Я вычисляю возможных соперниц. В театре это Наташа, помощница художницы Марины. Наташа – натуральная блондинка, почти бесцветная, с крупными, очень простыми чертами лица. При первом взгляде – не задержишься.
Но есть в ней что-то такое, что называется индивидуальностью, обаянием, харизмой, какой-то свой внутренний секрет, личностная самобытность. Неожиданно для себя отмечаешь, что тебе хочется находиться в её обществе, хочется с ней разговаривать, хочется внимания её теплых светлых глаз.
Наташа очень стильно одевается, не ярко, но так, что обязательно подходишь рассмотреть на ней вещь, потому что она – необычная, интересная, как сама Наташа.
Наташа говорит всегда очень просто и искренно, отсюда ощущение чистоты. Ты ловишь себя на мысли, что так не бывает, что эта откровенность – тоже маска, стиль поведения, способ самозащиты, но, когда говоришь с Наташей, веришь ей, и тоже рассказываешь про себя такое, о чём потом сильно жалеешь.
В общем, если в театре у меня есть соперница, то это – Наташа.
Я подхожу к ней со спины, смотрю на ее длинные волосы, насколько они тонкие и белые. Волосы у Наташи красивые, цвета пшеницы, они желтее тех, обесцвеченных, прилипающих ко мне с простыни, желтее и толще, потому что натуральные, а не выжженные белой краской до состояния паутины.
Это же надо иметь такие противные тонкие волосы!
Нет, это не Наташа была у него, когда мы поссорились.
Мы с ней почти в дружеских отношениях.

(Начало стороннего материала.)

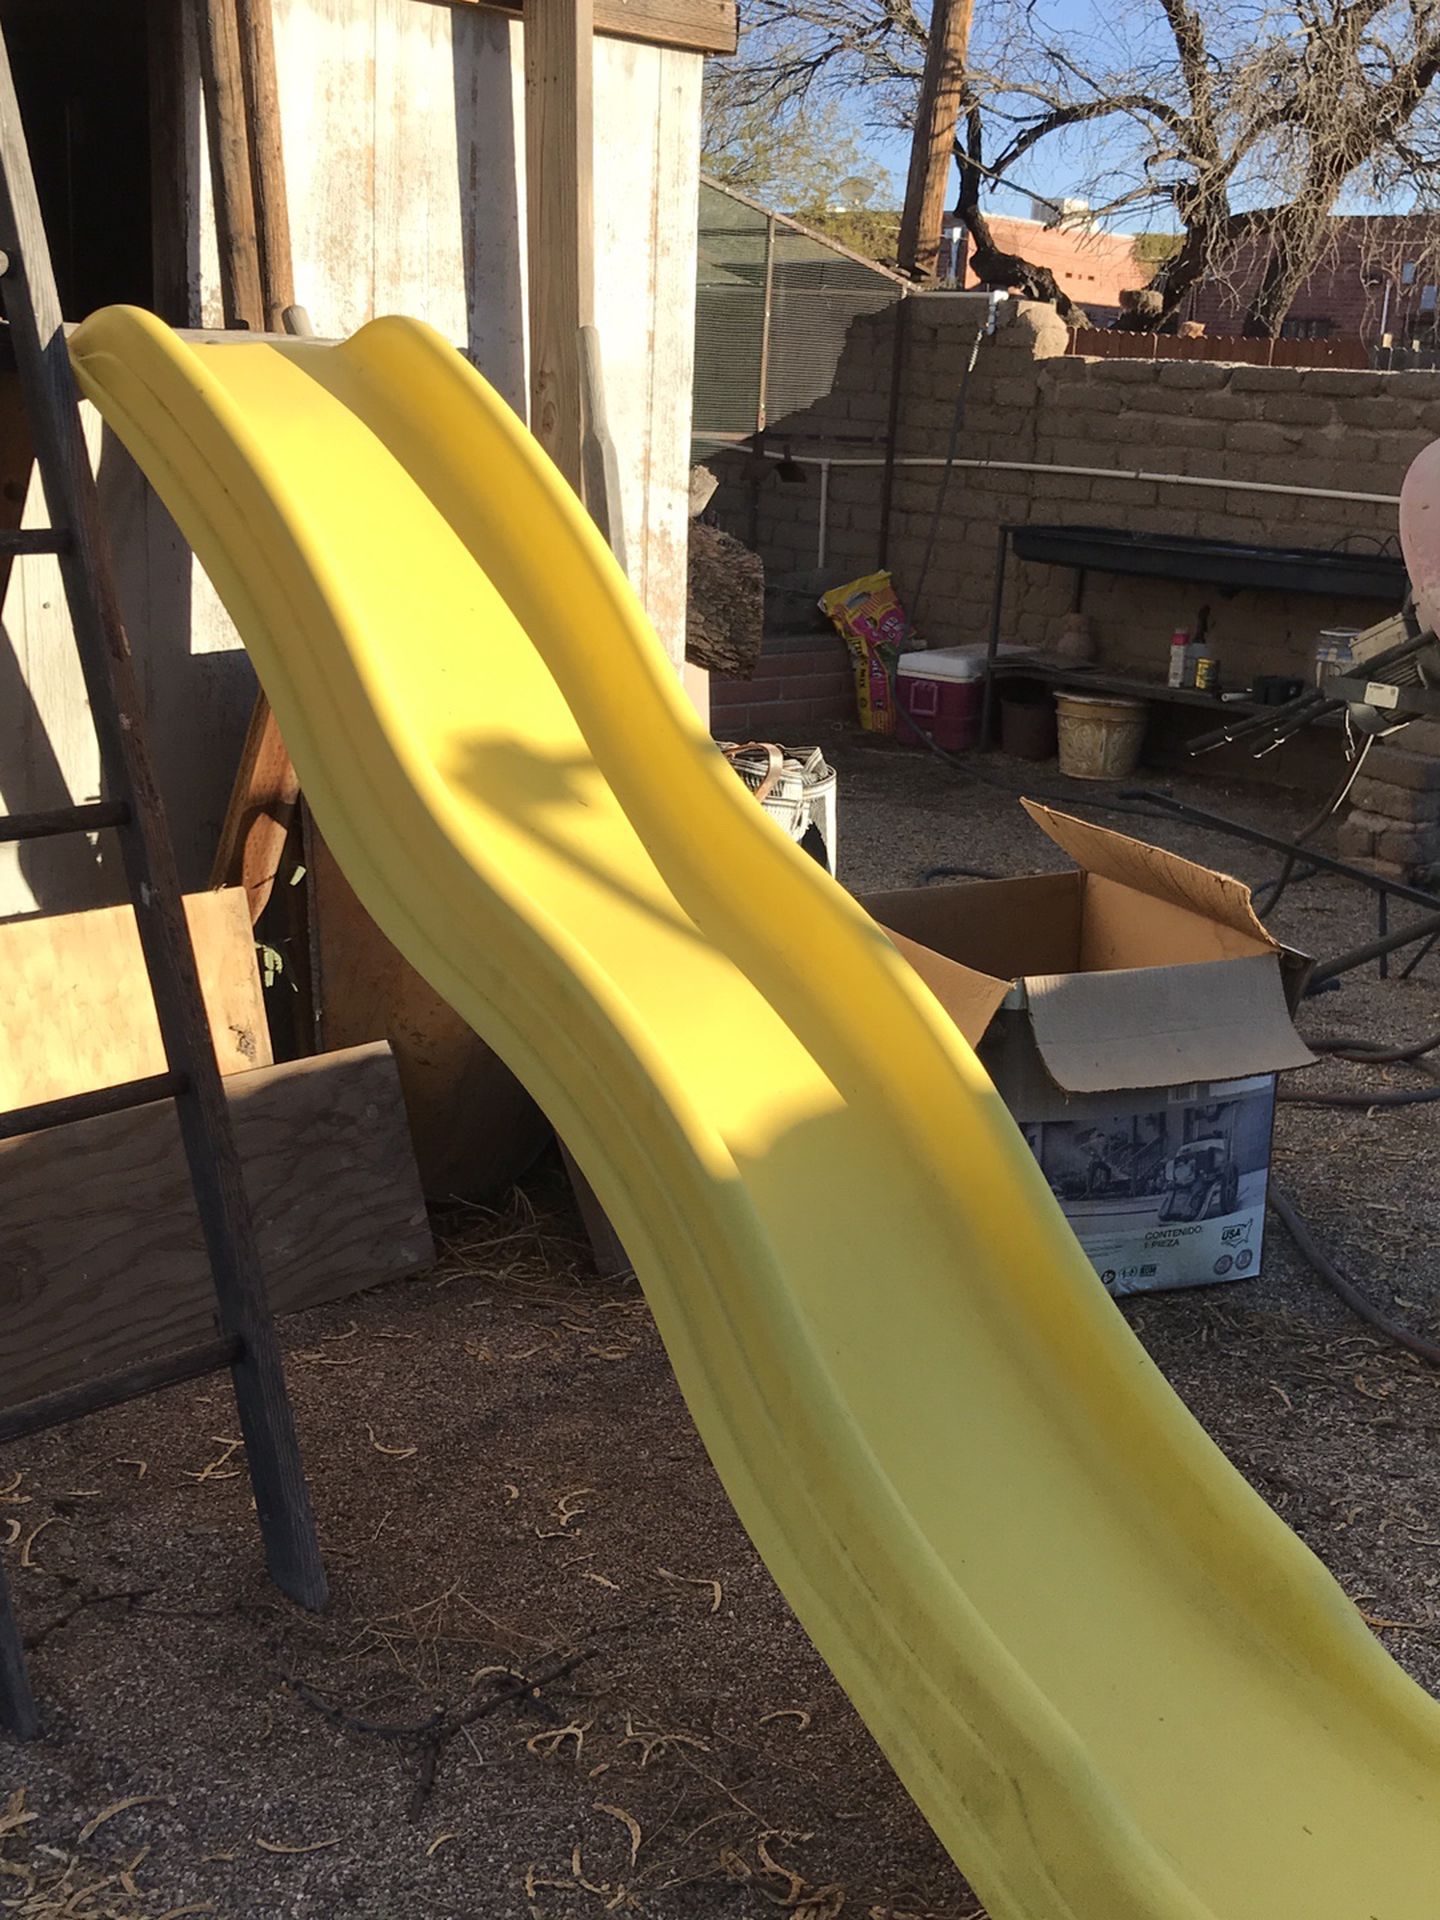 Free yellow slide

Возвращаемся вместе домой после моего очередного визита в театр. Мы живём друг от друга в двух остановках.
Наташа жалуется, что влюбиться не в кого. Я знаю историю её последней любви, она рассказала о ней на гастролях в Череповце, в моём номере за распитием виски после спектакля. Он был женат. Они жили с ним вместе какое-то время. Потом он вернулся к жене, оставив Наташу. Иногда они пересекаются в работе и сидят вместе на скамеечке, о чём-то грустно беседуя. Всё очень коротко и банально.

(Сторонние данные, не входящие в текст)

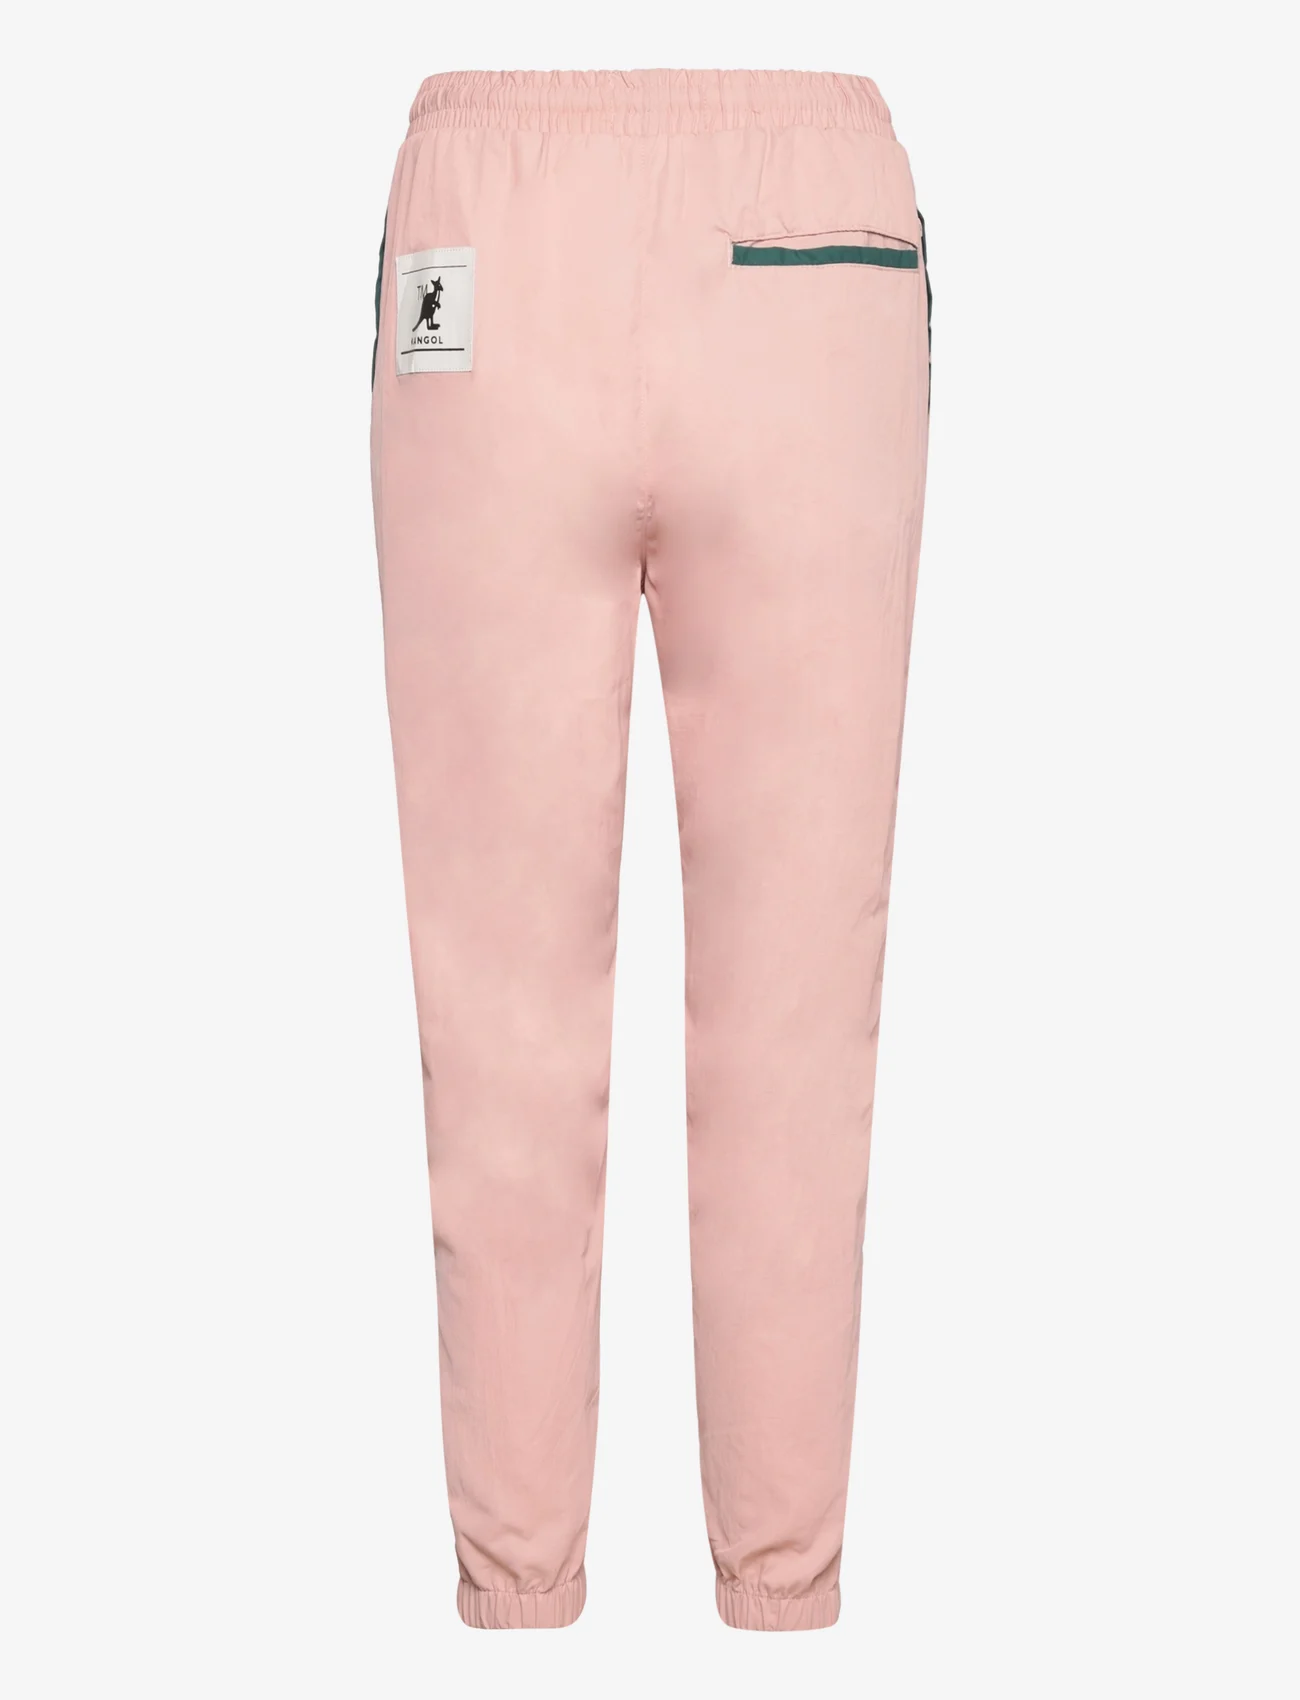 Kangol - KG TAMPA TRACK PANTS - slim fit trousers - light pink - 1

Наташа говорит, что влюбиться совершенно не в кого. Рассказывает, как пристаёт режиссёр Андрей. Не только к ней, но и к её подружке, работающей реквизитором. Подружке девятнадцать лет, «Это ведь – то же самое, что приставать к ребёнку!» – возмущается Наташа. Режиссёр Андрей сильно обеспокоен поиском партнёрши, несмотря на жену и младшего сына, которому год и восемь, насколько я помню…
Я перевожу разговор на любимого: а как он себя ведёт, прилично?
– Ой, любимого мы все обожаем! – говорит Наташа, – Ну как можно его не любить? Ходит, грызёт семечки, весь театр на них уже подсадил! Шуточки свои отпускает, мы все со смеху катаемся… Я тут как-то зашла в гримёрку, Юля попросила костюм забрать, а он переодевается… Катька, какое у него тело шикарное… Какой он молодец! Что он там, качается что ли, в свои пятьдесят?
Ну, будем уж честны, ничего он не качается. И шикарным его я бы не назвала, о мускулах особо говорить не приходится при его скромном телосложении, просто держит себя в форме: никакого жира, ничего лишнего.
Но мне приятно, когда любимого хвалят.
– В общем, не любимый, а красавец, – продолжает Наташа, – только для меня он слишком старенький. Я, знаете ли, мальчиков люблю, светлых и чистых, а он для меня – чересчур взрослый дядечка.
Мы смеемся. Наташа смеется, думая о чистых мальчиках, я – с облегчением, что мой любимый для нее – слишком старенький.